─── MATERIAL PROVIDED ───

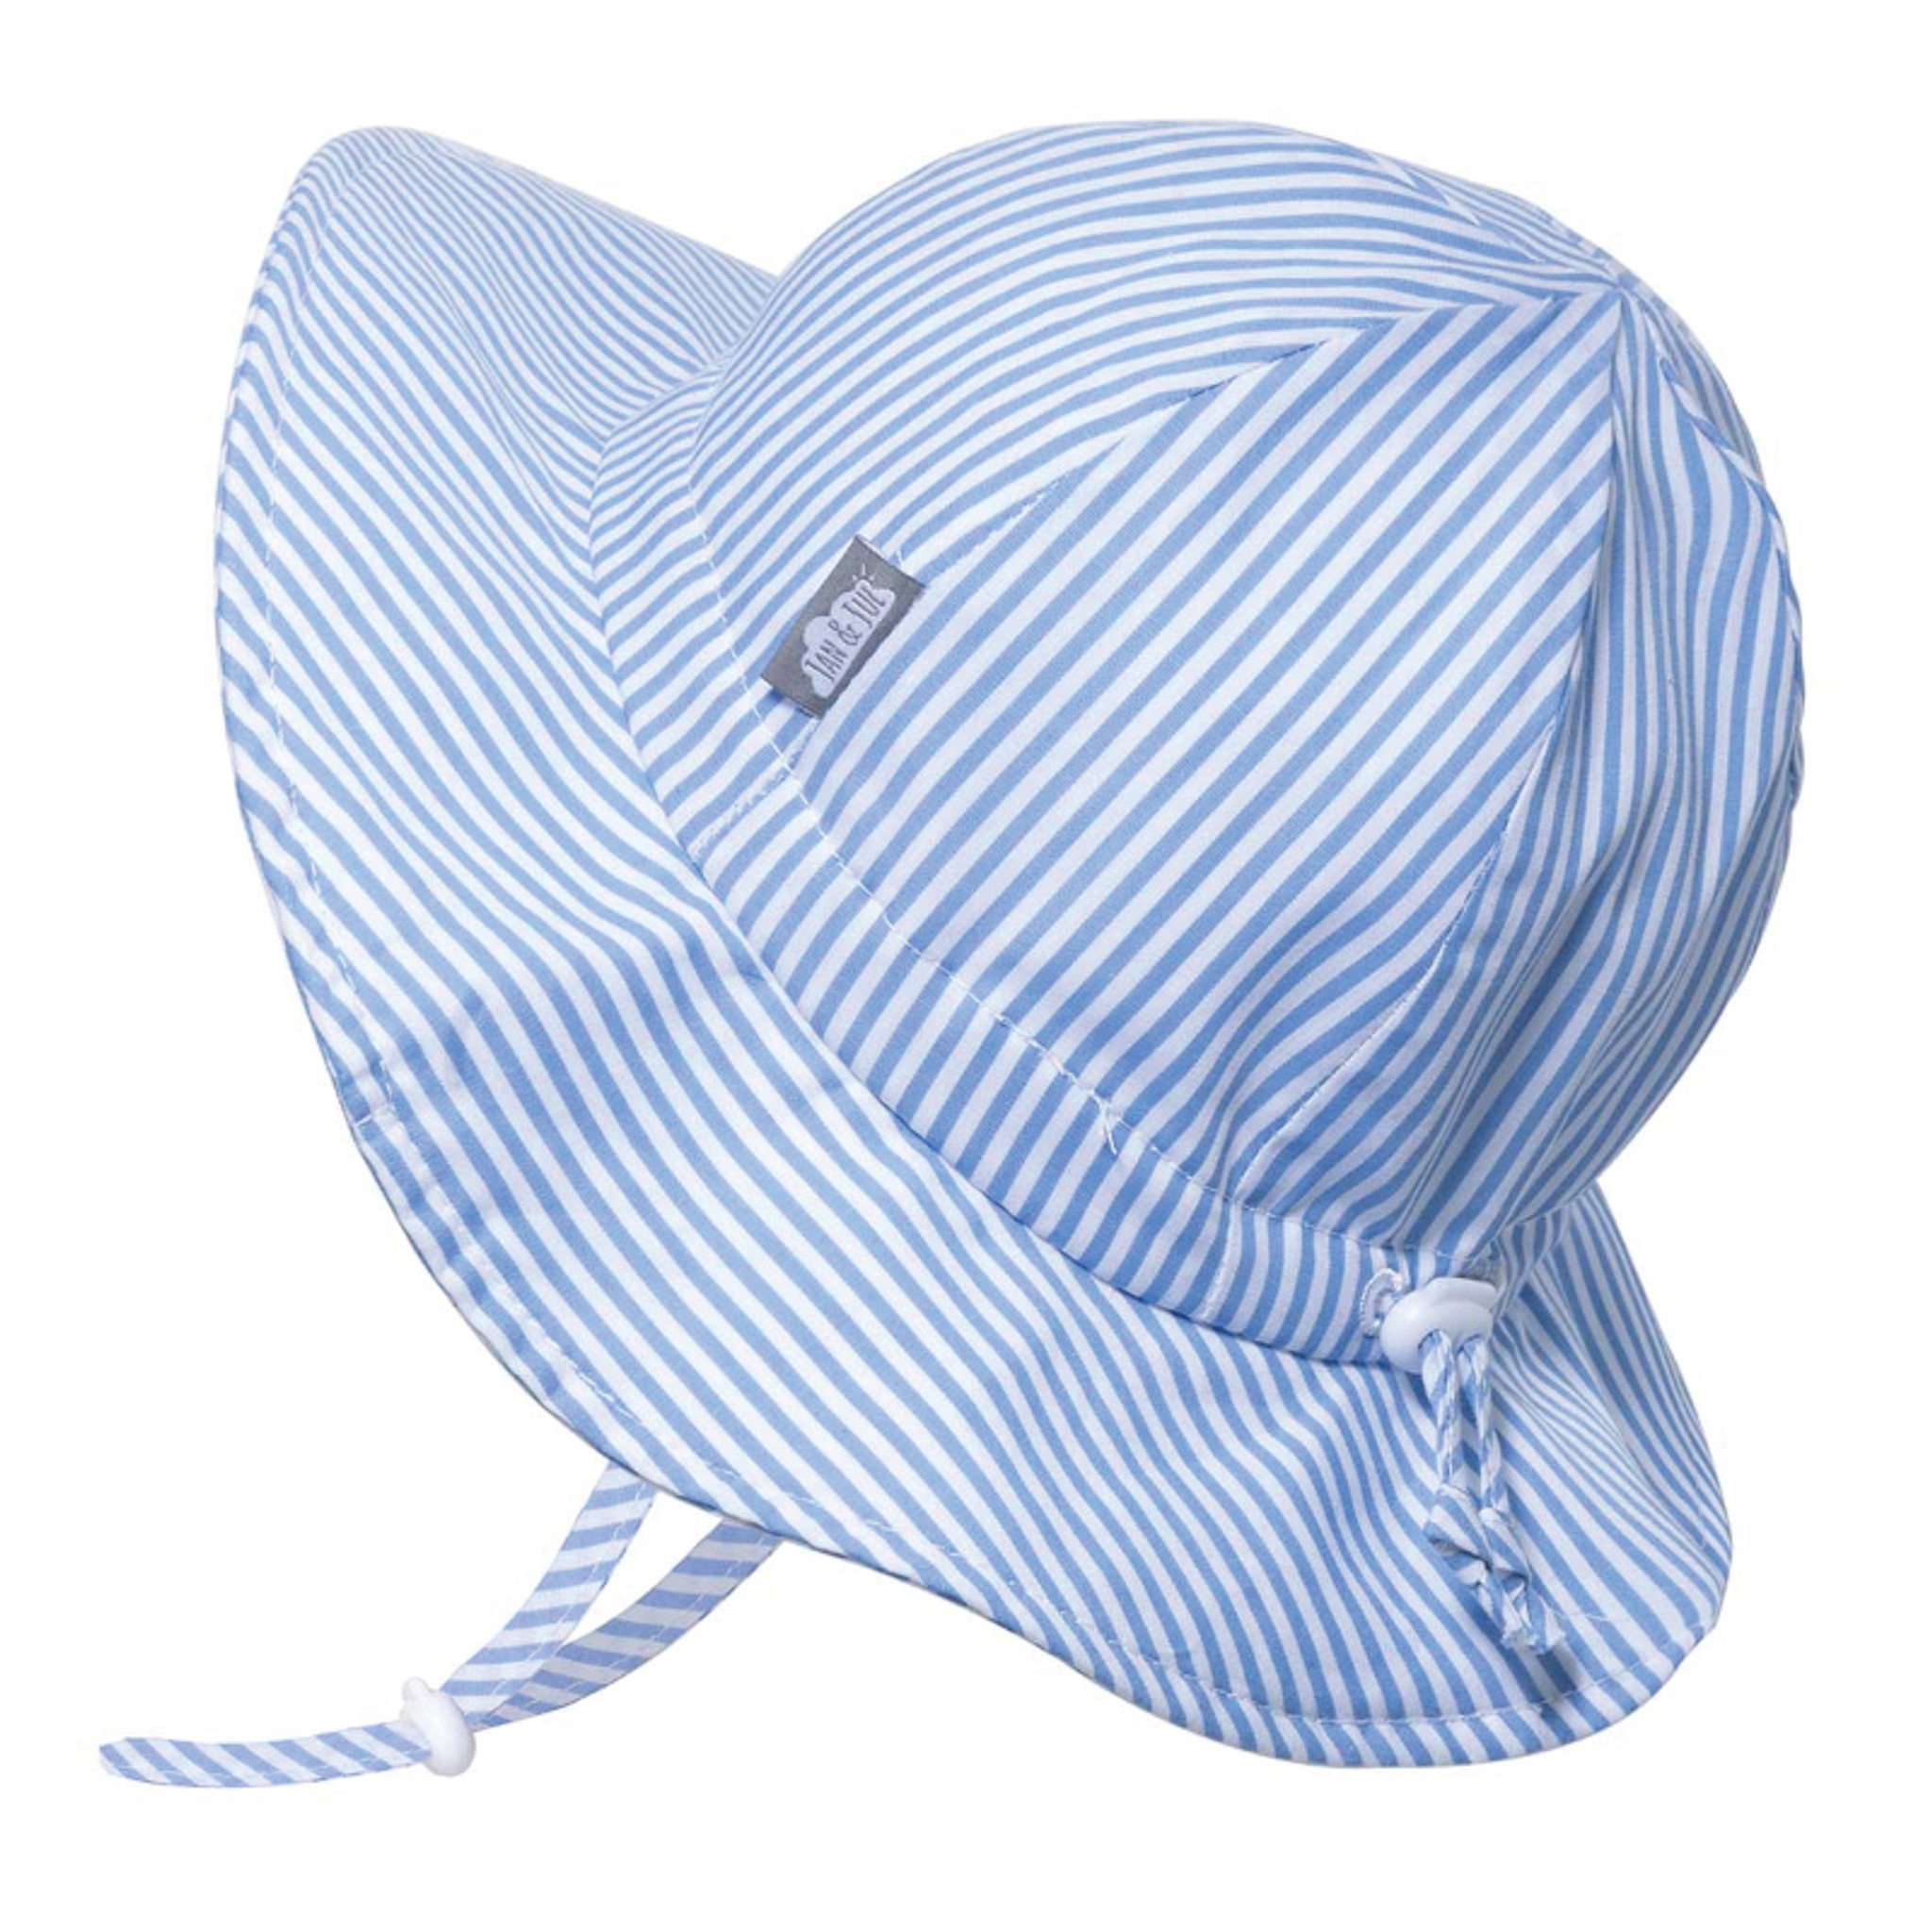 Jan & Jul Floppy Cotton Sun Hat - Blue Stripe
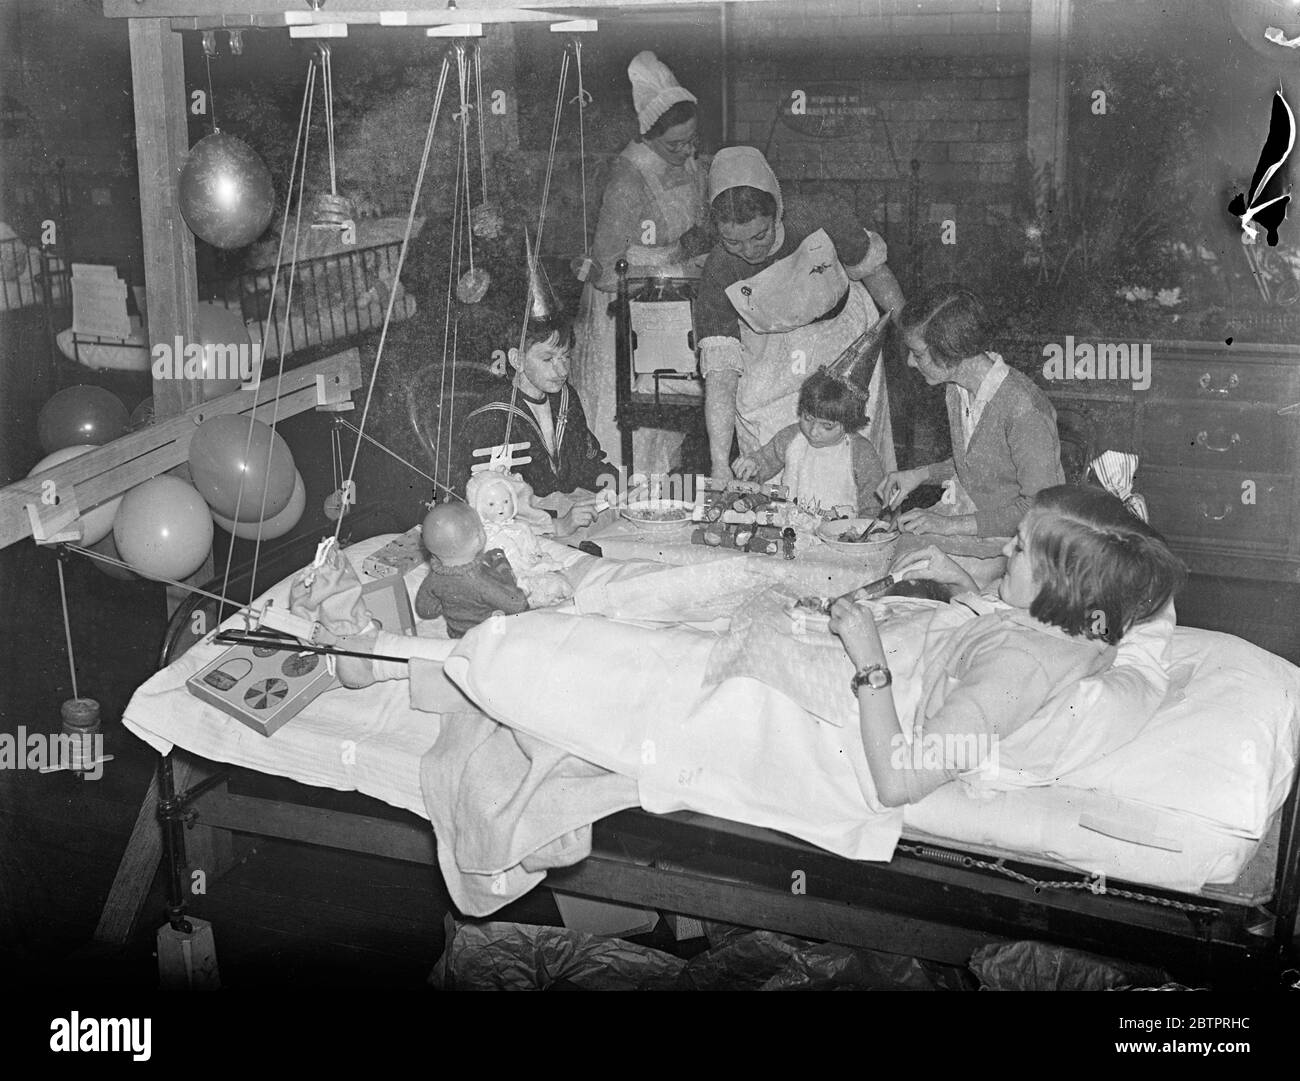 Nicht vergessen. Kinder genießen ihren Weihnachtstag im Krankenhaus. Kinder, die ihre Weihnachten in Londons Krankenhäusern verbringen mussten, wurden nicht vergessen. Krankenschwestern und Ärzte im Kinderkrankenhaus in der Great Ormond Street bringen eine saisonale Atmosphäre in die Stationen. Aber die Shows, die Studie, Patienten essen ihr Weihnachtsessen, serviert von einem der Krankenschwestern, in einer Station im Great Ormond Street Hospital, Bloomsbury. 25 Dezember 1937 Stockfoto
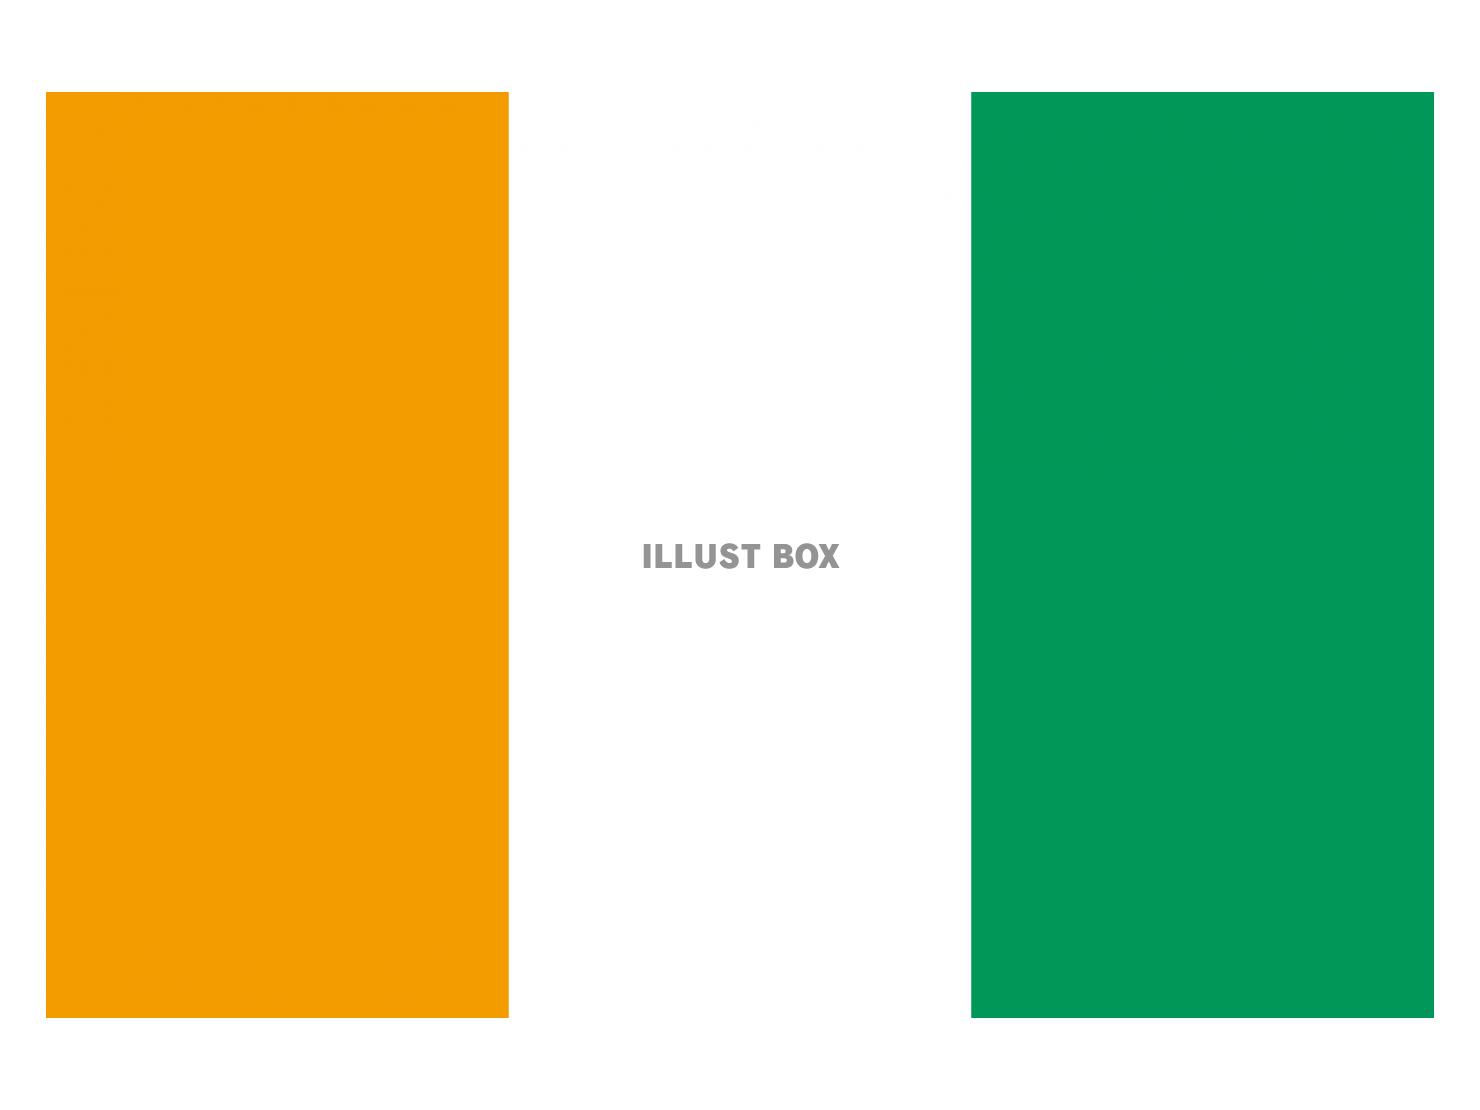 コートジボワール国旗のイラストフリー素材
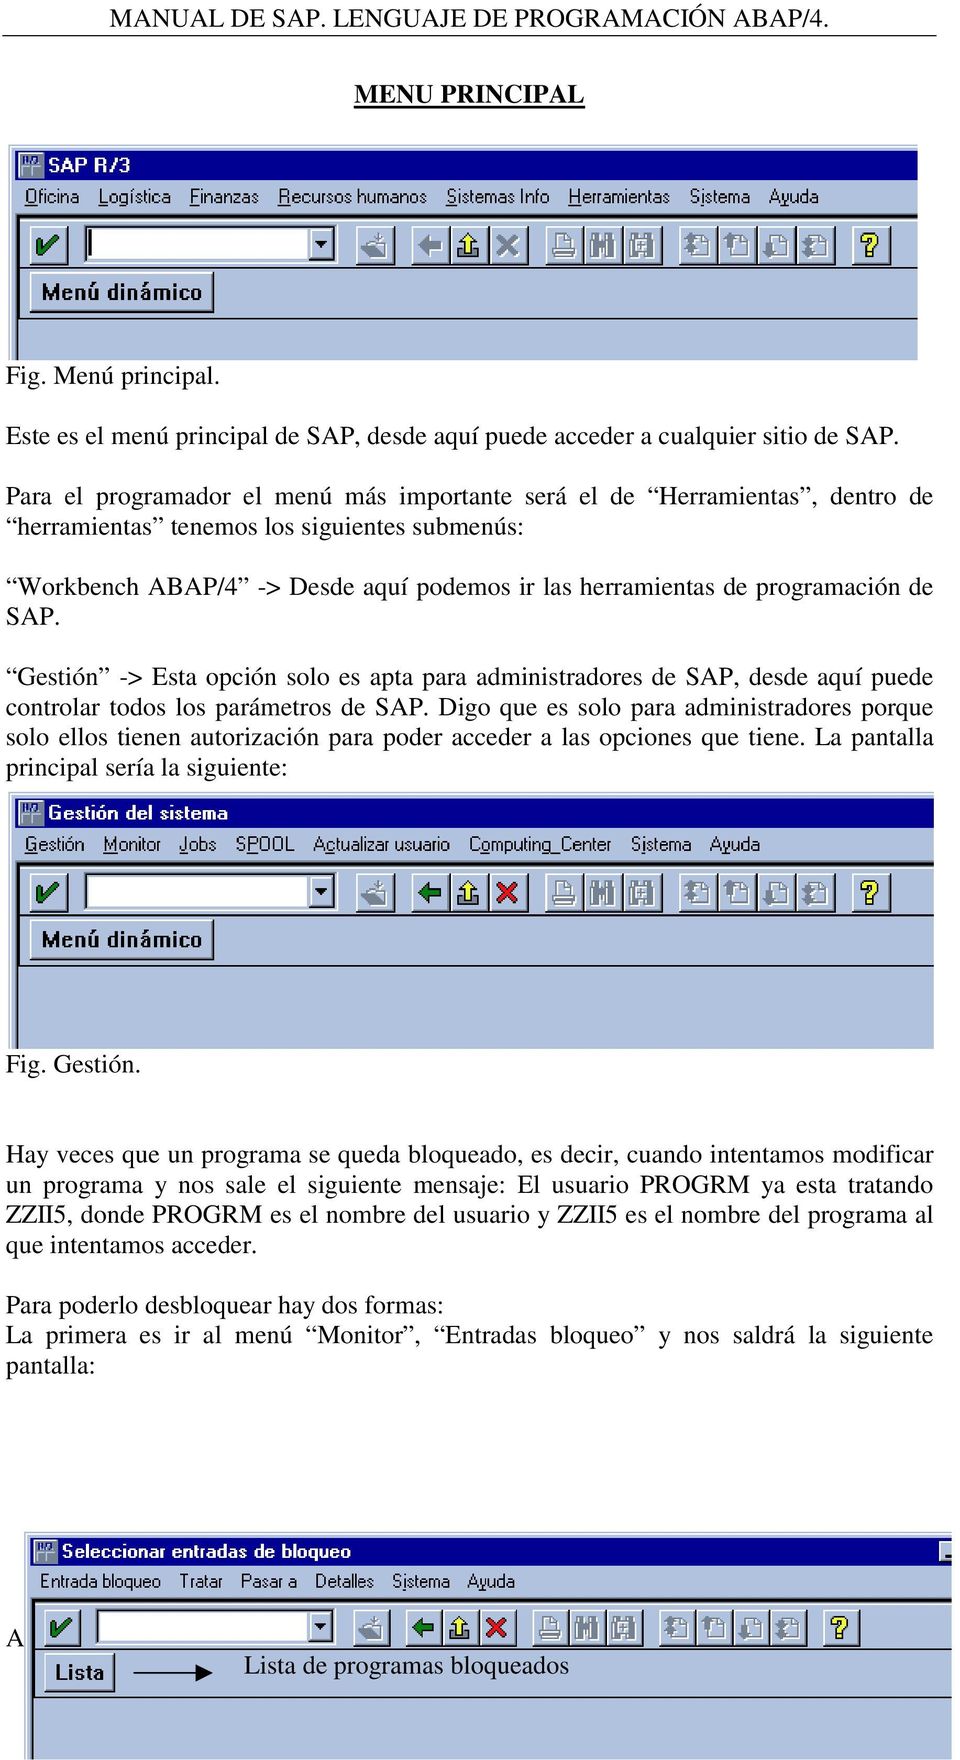 Medalla Asado espalda MANUAL DE SAP. LENGUAJE DE PROGRAMACIÓN ABAP/4. - PDF Free Download

───

**ACTION ITEM:**
No pictures belong in the answer; copy all other parts of the listing exactly.

**ANSWER FOR THIS EXERCISE:**
 Jan & Jul Floppy Cotton Sun Hat - Blue Stripe
 Nicht vergessen. Kinder genießen ihren Weihnachtstag im Krankenhaus. Kinder, die ihre Weihnachten in Londons Krankenhäusern verbringen mussten, wurden nicht vergessen. Krankenschwestern und Ärzte im Kinderkrankenhaus in der Great Ormond Street bringen eine saisonale Atmosphäre in die Stationen. Aber die Shows, die Studie, Patienten essen ihr Weihnachtsessen, serviert von einem der Krankenschwestern, in einer Station im Great Ormond Street Hospital, Bloomsbury. 25 Dezember 1937 Stockfoto
 コートジボワール国旗のイラストフリー素材
 Medalla Asado espalda MANUAL DE SAP. LENGUAJE DE PROGRAMACIÓN ABAP/4. - PDF Free Download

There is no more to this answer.